4. RELAÇÃO ENTRE A MATEMÁTICA E A REALIDADE MATERIAL

4.3 A PRECISÃO, O RIGOR LÓGICO E O IRREFUTÁVEL CARÁTER DE SUAS CONCLUSÕES

A cristalização, anteriormente referida, coloca a Matemática numa posição de ciência exata, de imutabilidade, de absolutização de suas interpretações da realidade. A lógica formal cumpre um papel importante nessa classificação da Matemática. Segundo Trotsky (1939), “a dialética e a lógica formal guardam uma relação similar àquela existente entre a matemática complexa e a matemática elementar”. Conforme o exemplo citado anteriormente, o autor afirma que os silogismos da lógica aristotélica são superados pela lógica dialética, porém, não por exclusão e sim por incorporação, uma vez que “a dialética não exclui o silogismo, mas nos ensina a combiná-lo de modo a aproximá-lo da compreensão de uma realidade eternamente mutável” (TROTSKY, 1939).

Para o autor, o limite dos silogismos lógico-formais está em seus resultados, ou seja, possuem uma aproximação bastante restrita na interpretação da realidade. Quando se diz que “A” é igual a “A”, seu campo de aplicações e generalizações são elementares, “na realidade ‘A’ não é igual a ‘A’” (TROTSKY, 1939). A base dessa identidade é a abstração do conhecimento frente à realidade, que não possui uma rigorosa igualdade em seus elementos. Por isso, as interpretações podem perder-se em ilusões acerca da realidade. Segundo Trotsky (1939, grifos do autor):

O axioma “A é igual a A” parece ser, por um lado, a base de todo o nosso conhecimento e, por outro lado, a fonte de todos os erros do nosso conhecimento. Usar o axioma “A é igual a A” impunemente é possível apenas dentro de certos limites. Quando as mudanças quantitativas em A podem ser desprezadas em vista das tarefas à mão, podemos então presumir que “A é igual a A”. Esta é, por exemplo, a maneira em que o comprador e o vendedor consideram uma libra de açúcar. [...]

Mas mudanças quantitativas para além de certos limites convertem-se em mudanças qualitativas. Uma libra de açúcar submetida à ação da água ou do querosene deixa de ser uma libra de açúcar. [...] Fixar o momento exato, o ponto crítico em que a quantidade se transforma em qualidade, é uma das tarefas mais importantes e complexas de todas as esferas do conhecimento, inclusive da sociologia [reafirmamos a matemática nesse contexto].

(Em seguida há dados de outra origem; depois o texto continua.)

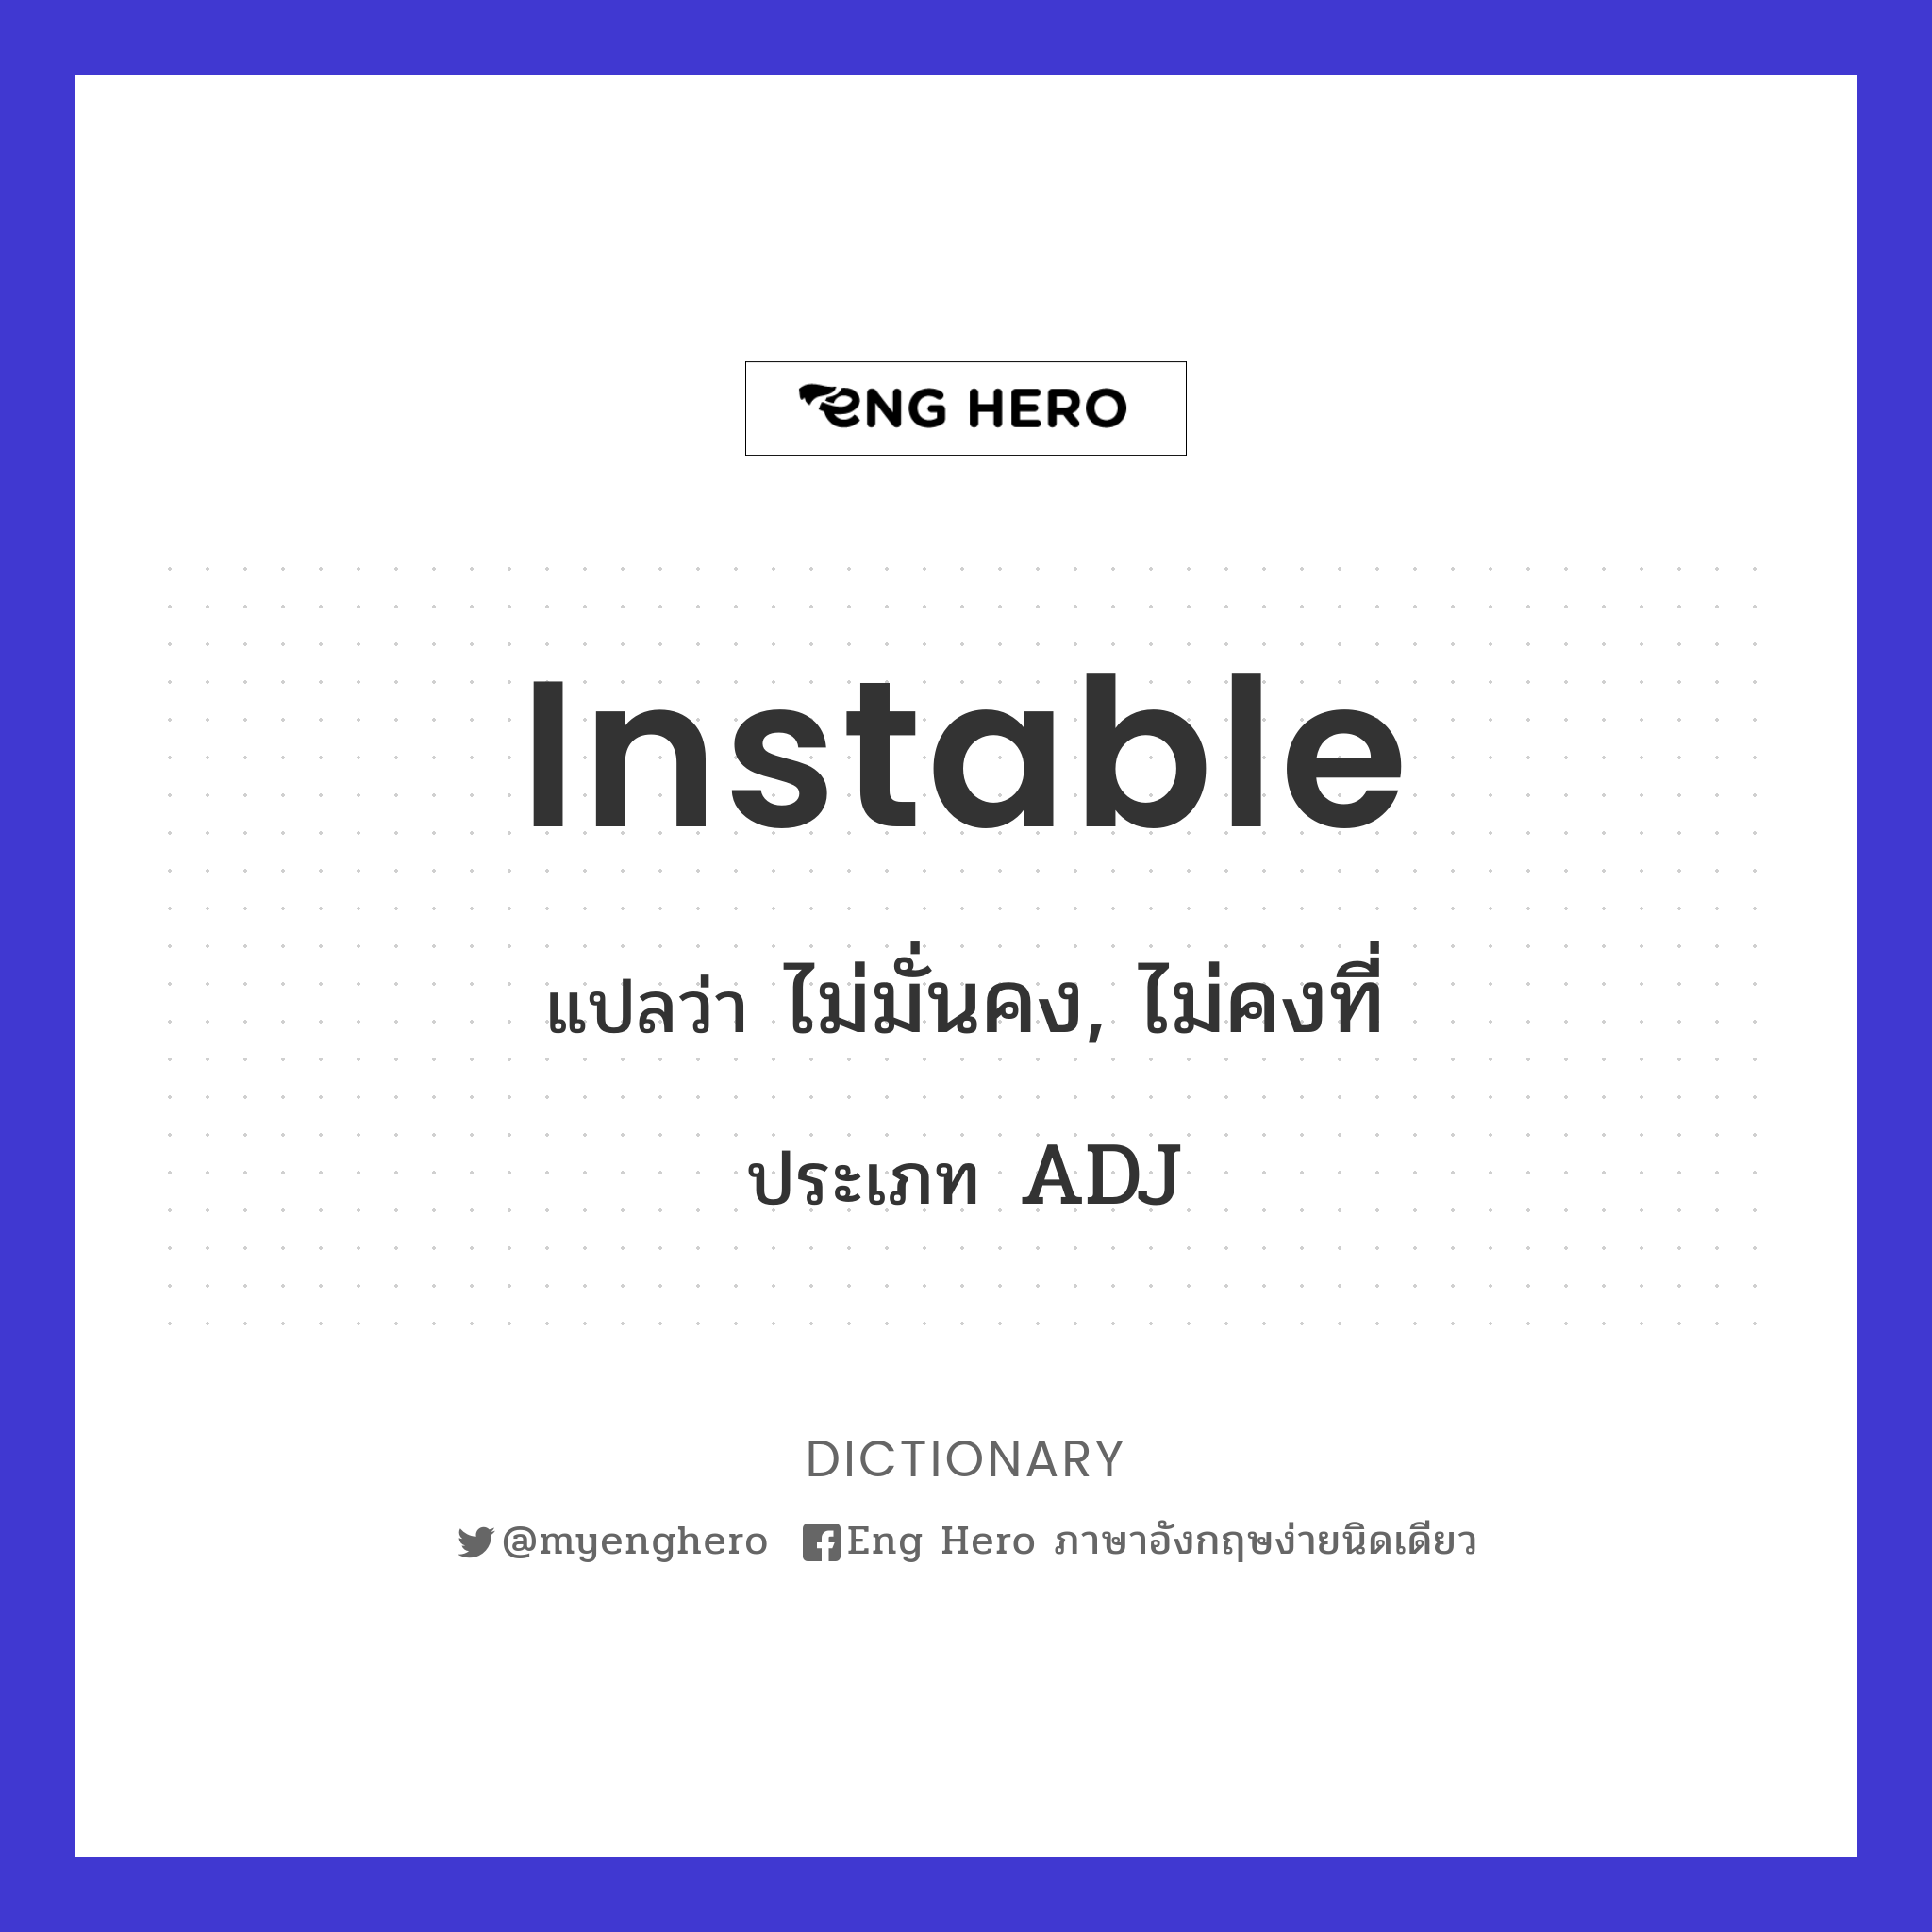 instable

Fica evidente nessa argumentação a necessidade da compreensão dialético-materialista para que tal silogismo estabeleça significados e contribua para a ação do homem ao se movimentar na construção de seu mundo. A Matemática cumpre aí um papel importante na compreensão da realidade e seu objeto não pode se confundir com a própria realidade representada.

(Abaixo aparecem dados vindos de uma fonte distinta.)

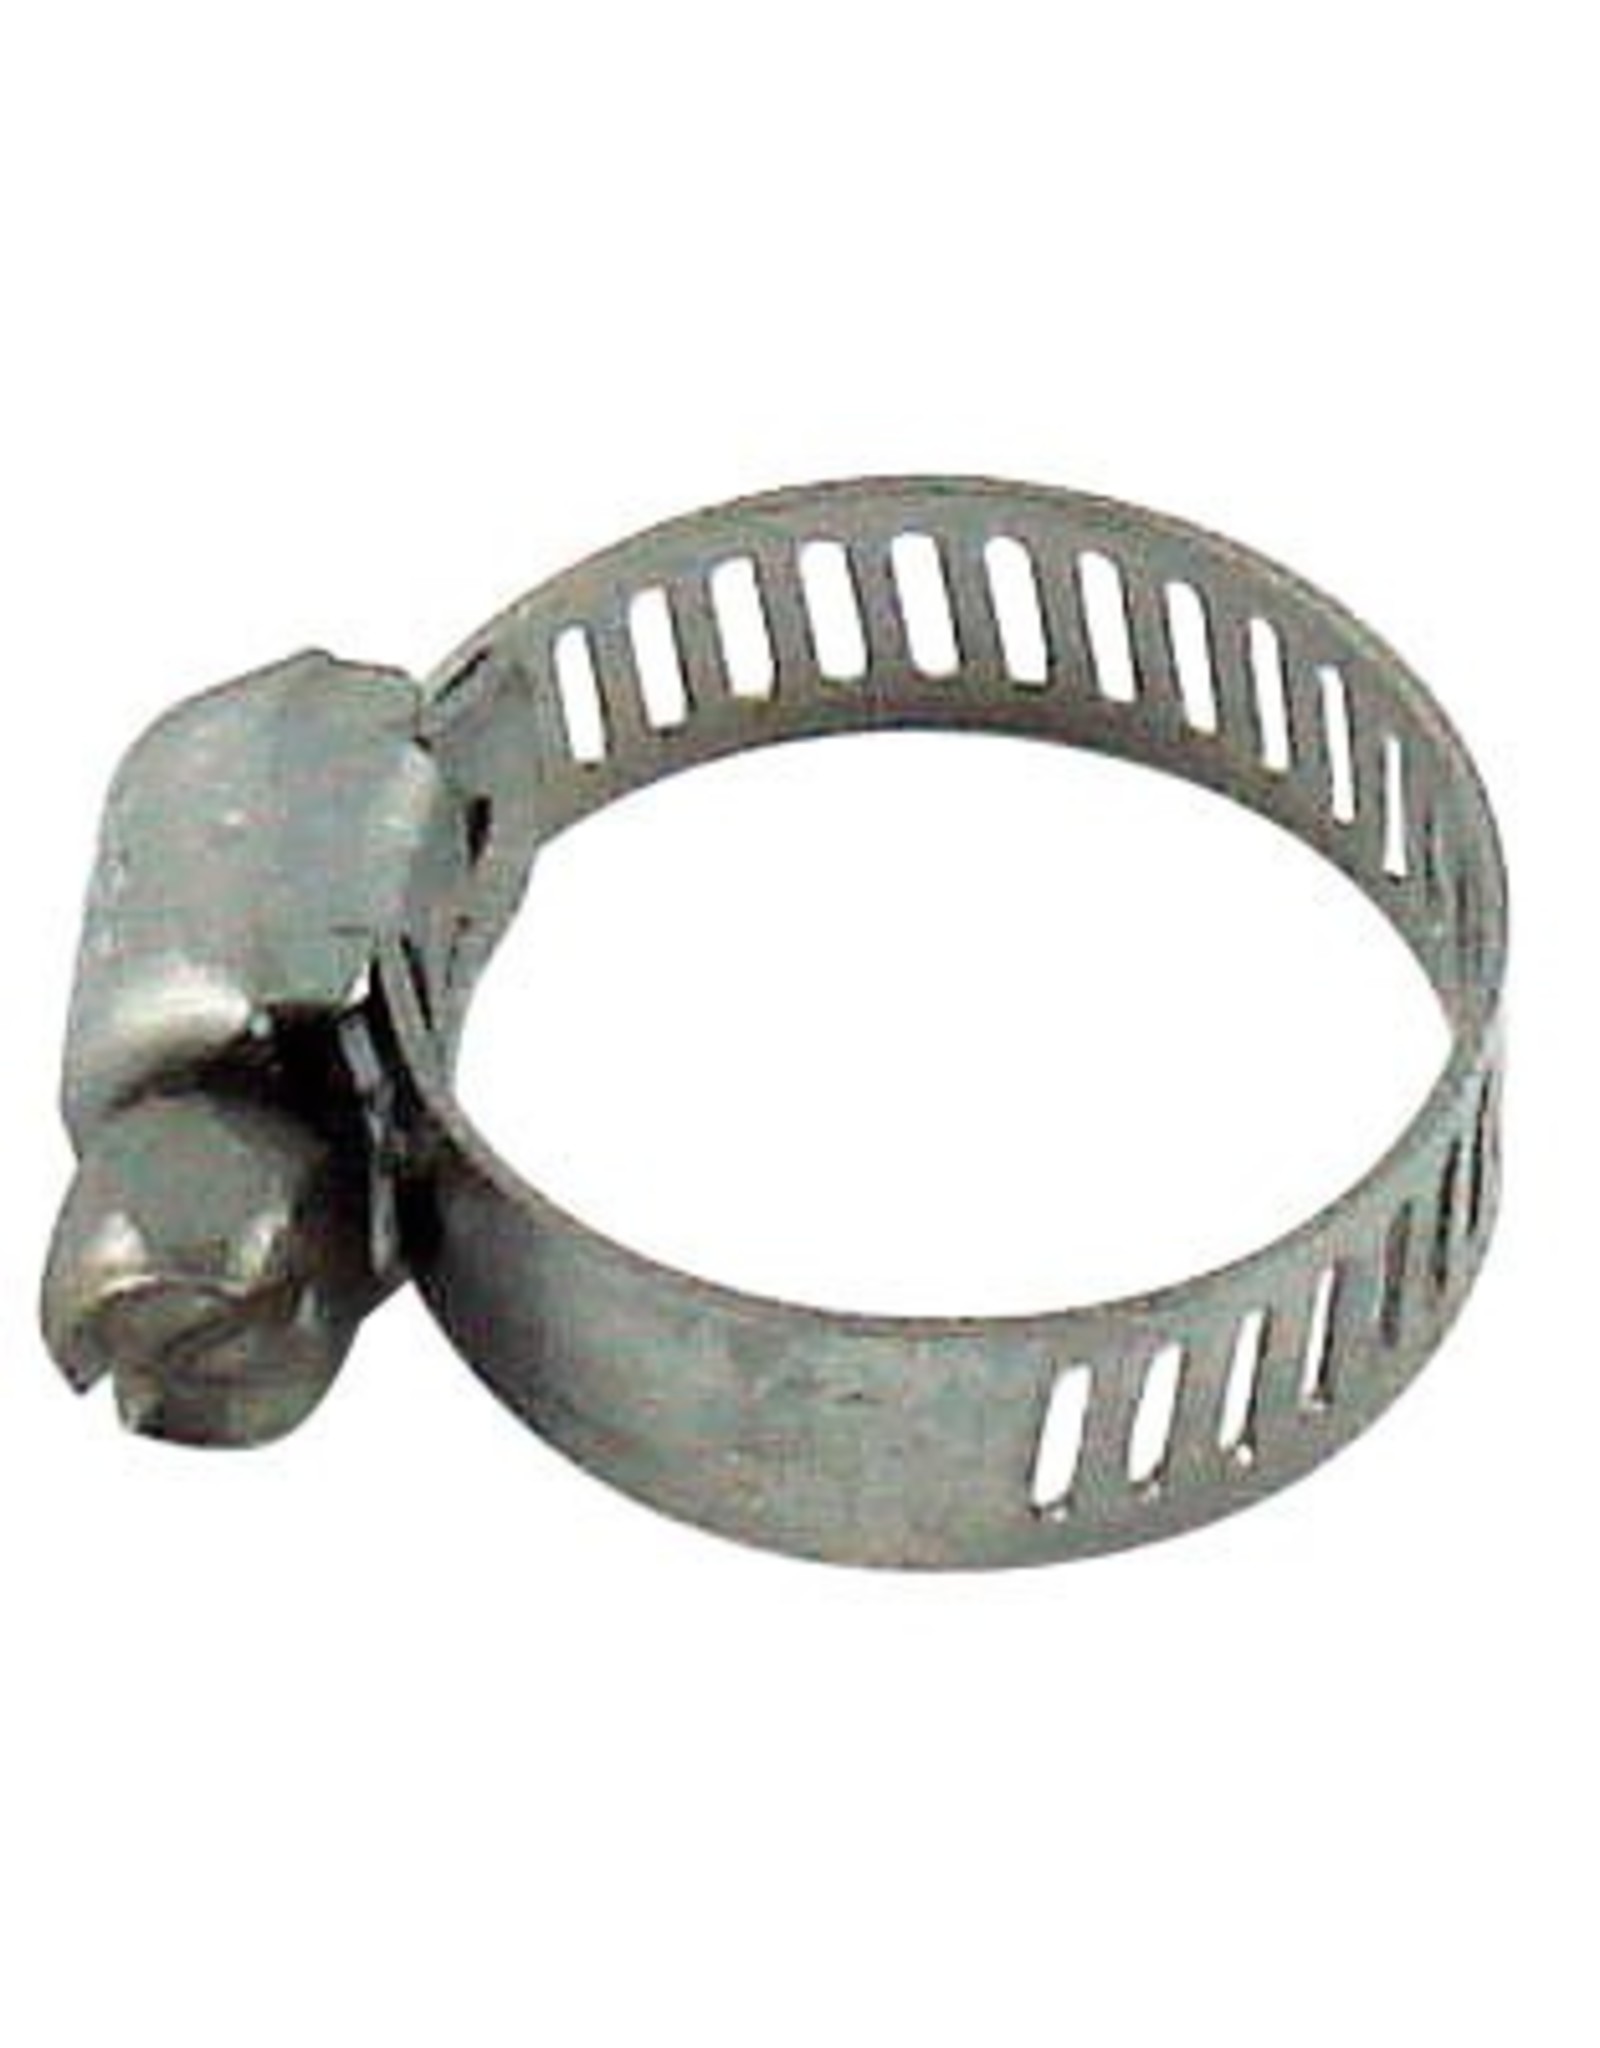 Hose Clamp - Large Worm Stainless lwc

Não confundir o objeto da Matemática, em particular o objeto da Geometria, pressupõe a compreensão de duas categorias: o abstrato e o concreto. Aleksandrov (1991a, p. 50-52), ao analisar o que ele chama de “conflito entre elementos contrastantes”, evidencia as referidas categorias e faz a distinção entre a realidade material e sua representação matemática. “En geometría consideramos formas y dimensiones de los cuerpos idealmente precisas, abstrayéndolas de la movilidad de los objetos concretos y de una cierta indefinibilidad de sus formas y dimensiones reales” (ALEKSANDROV, 1991a, p. 50). O autor acrescenta:

Pero las formas geométricas idealmente precisas y los valores absolutamente precisos de las magnitudes no son sino abstracciones. Ningún objeto concreto tiene una forma absolutamente precisa ni ninguna magnitud concreto puede medirse con exactitud absoluta, puesto que ni siquiera tiene un valor perfectamente definido [...] Siempre que se superan ciertos límites bien conocidos de la precisión cuantitativa, aparece un cambio cualitativo en la magnitud, y ésta, en general, pierde su sentido original. (ALEKSANDROV, 1991a, p. 51, grifo do autor).

O autor mostra a impossibilidade de precisão absoluta, pois a matéria está em constante transformação, em movimento, e, assim, o

conhecimento da mesma não pode ser estático. Isso não significa que nossos conhecimentos acerca da realidade material não a representam. A precisão absoluta não é possível, pois o ser humano não pode, de uma só vez e de imediato, entender todos os nexos e estruturas da realidade, haja vista a infinidade das coisas cognoscíveis e seu constante transformar-se em outras coisas. No entanto, desse raciocínio não se deve inferir que o conhecimento humano seja relativista, ou seja, que depende de cada indivíduo e de seu critério de verdade na compreensão da realidade.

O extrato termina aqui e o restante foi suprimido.